# combo switch



## gravtyklz (Dec 24, 2005)

Has anyone ever seen a dimmer switch/receptacle combo? They sell switch/receptacle combos here but I could really use a dimmer switch/receptacle combo.


----------



## gravtyklz (Dec 24, 2005)

I went ahead and removed the 1G box there and replaced it with a 2G Old Work Box to fix the problem. I didnt want to because I had to cut into finished, thin plywood. I figured the finish would chip too much when I cut through it.

It didnt turn out too bad though.

But for future reference I'm still curious about my original question.


----------



## L. B. Condulet (Aug 23, 2007)

You can roll your own using Despard devices and yokes....


----------



## darren (Nov 24, 2005)

What kind of dimmer do you have, one with a single pole and a knob. If so can't you use the switch/plug plate and use the switch side for the dimmer. I am sure it is not as easy as this though because if it was you probably would have dsone it already.


----------



## mickeyco (May 13, 2006)

L. B. Condulet said:


> You can roll your own using Despard devices and yokes....


Do they make a despard dimmer switch? I was looking for a toggle dimmer a while back and had no luck. If you know of a supplier or web link could you post it, I need (would like) one, it would avoid a lot of tile work.


----------



## L. B. Condulet (Aug 23, 2007)

I seem to remember a little rotary Despard dimmer, but I just googled and ebay'd and came up empty.


----------



## gravtyklz (Dec 24, 2005)

darren said:


> What kind of dimmer do you have, one with a single pole and a knob. If so can't you use the switch/plug plate and use the switch side for the dimmer. I am sure it is not as easy as this though because if it was you probably would have dsone it already.


I was using a normal toggle switch looking dimmer. It has the toggle switch with a little "mini slider" on the side that you use for the dimming.

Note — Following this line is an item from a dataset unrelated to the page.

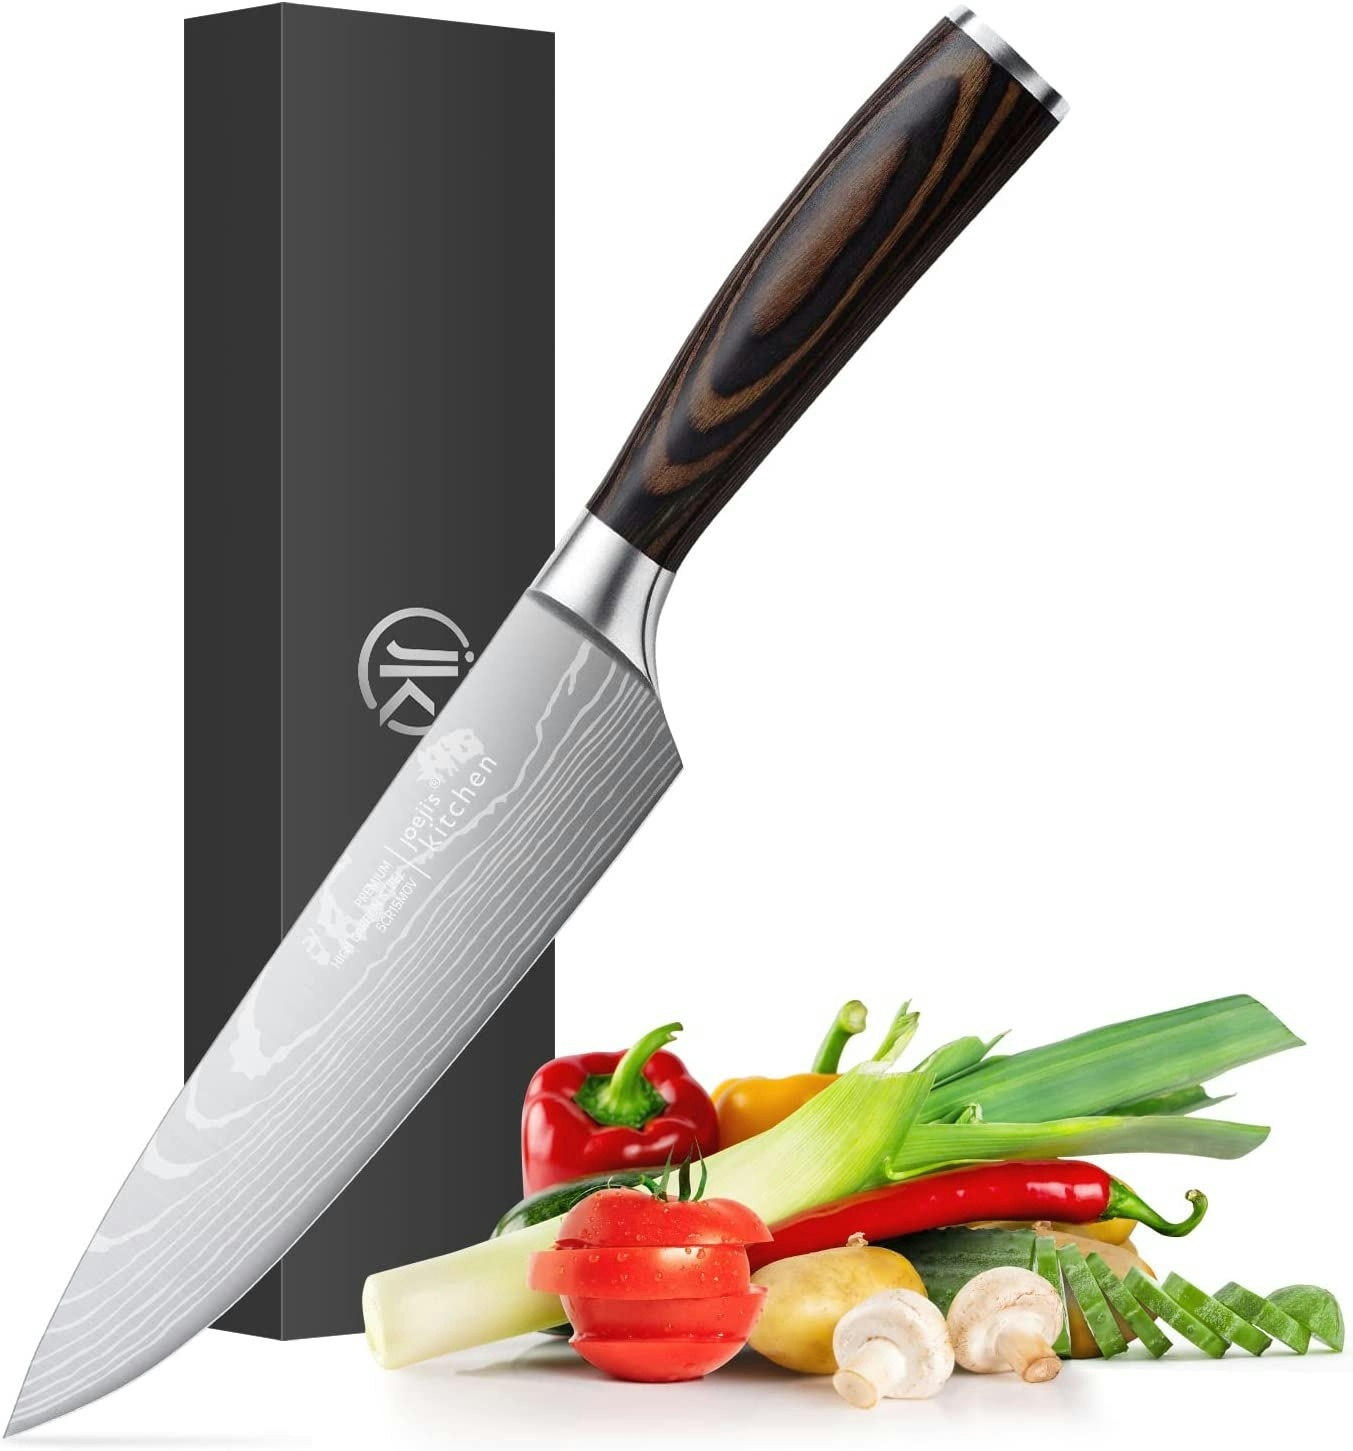 Joejis Kochmesser Profi Messer scharf aus rostfreiem Edelstahl mit ergonomischem Pakkaholzgriff als scharfes Küchenmesser scharf oder Fleischmesser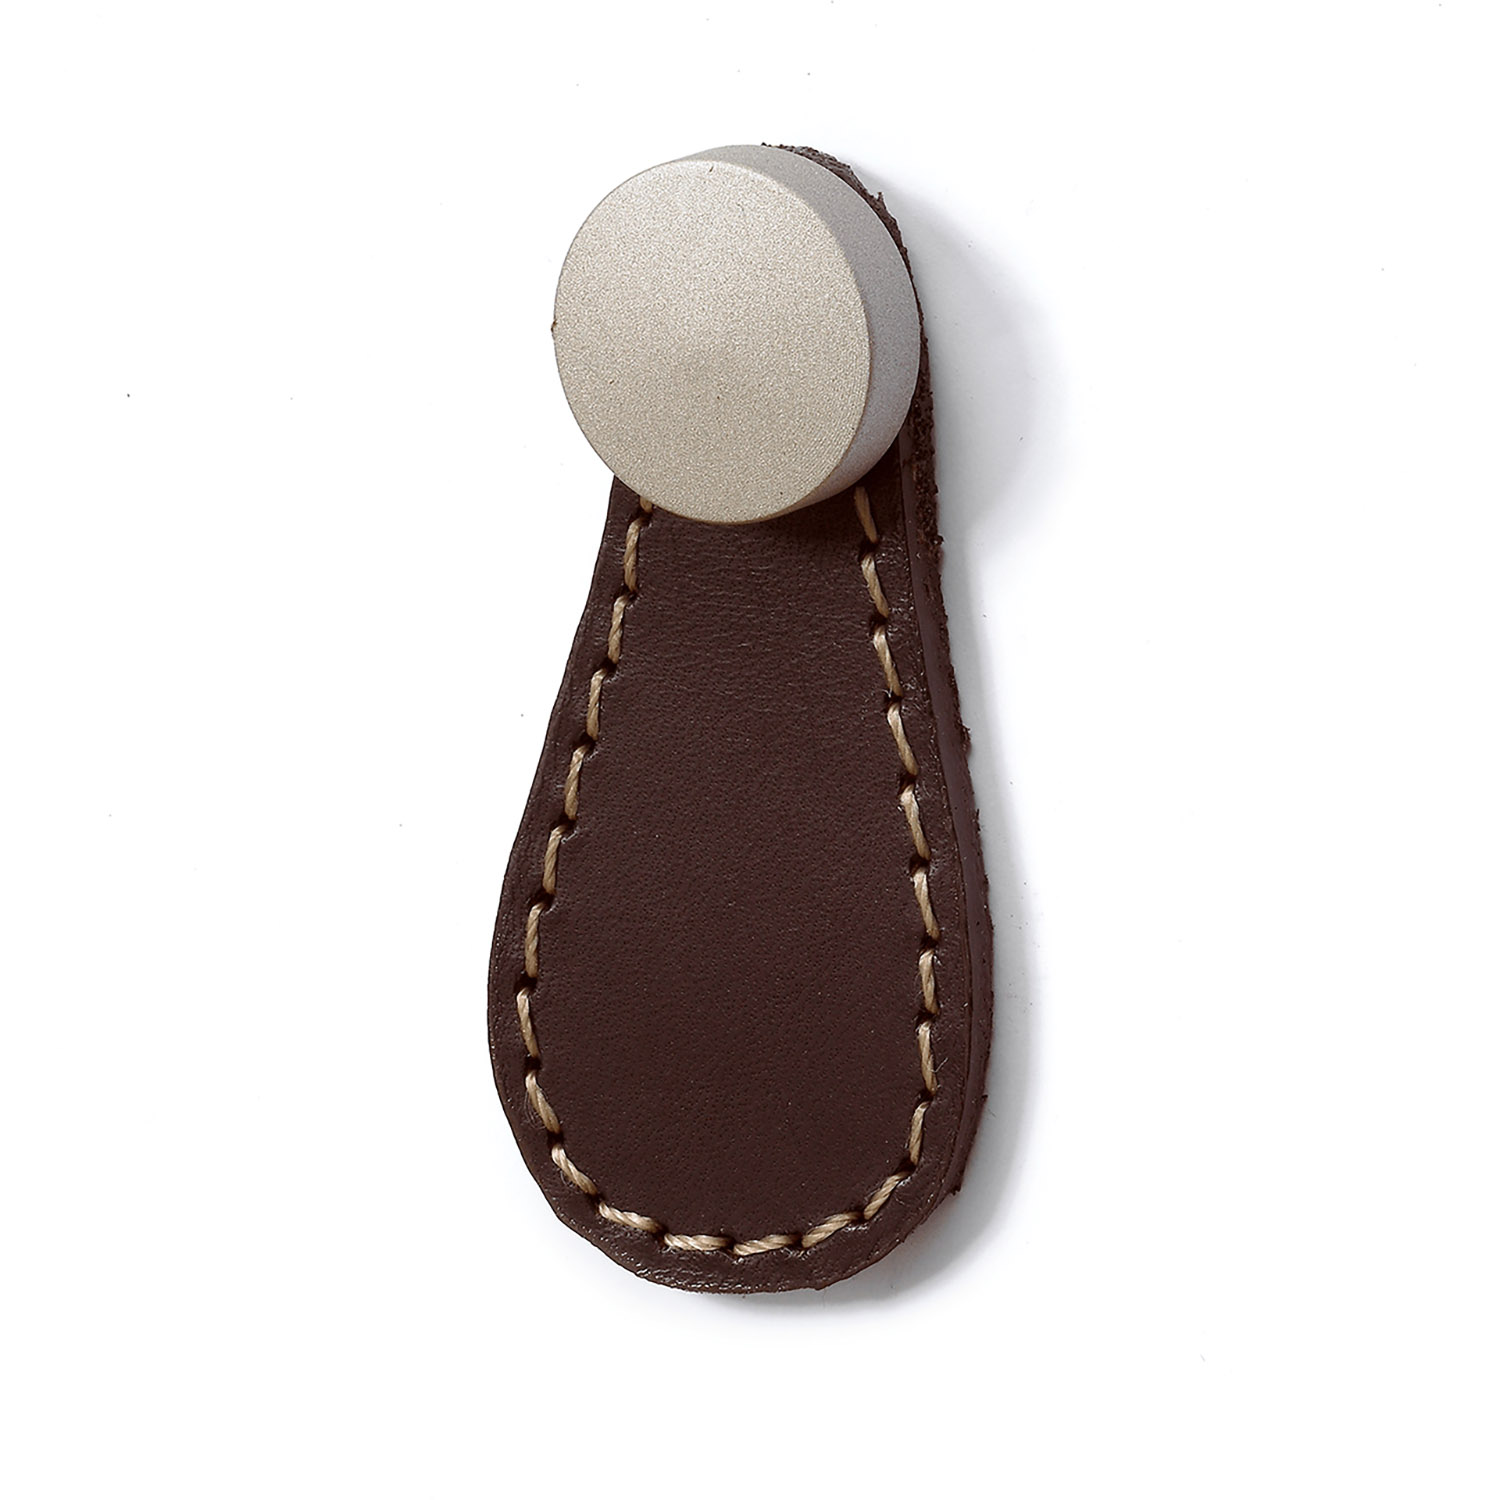 Hettich Galati Dark Brown Leather Knob with Round Socket

But in the end I used a 2G box witha 2G plate like you described. One side was a switch and the other was a duplex receptacle.


----------



## Sparky Joe (Apr 29, 2006)

Was this in your garage? (recep at switch height)
I can't imagine plywood walls in a kitchen.
but then again, I can't imagine worrying about chipping the plywood walls in a garage, or why a dimmer would be wanted in a garage.

To sum it up, I have no clue, sorry to waste your time


----------



## gravtyklz (Dec 24, 2005)

No it's in a room outside of the kitchen.

Originially this area was going to be a desk, but now its a bookshelf. And they dont want to hang the cord out of the bookshelf to the near by receptacle.

I've used a rotozip for things like this, but they have that tendency to wanna go off course....or maybe thats just my own tendency? In anycase I didnt wanna take the chance.


----------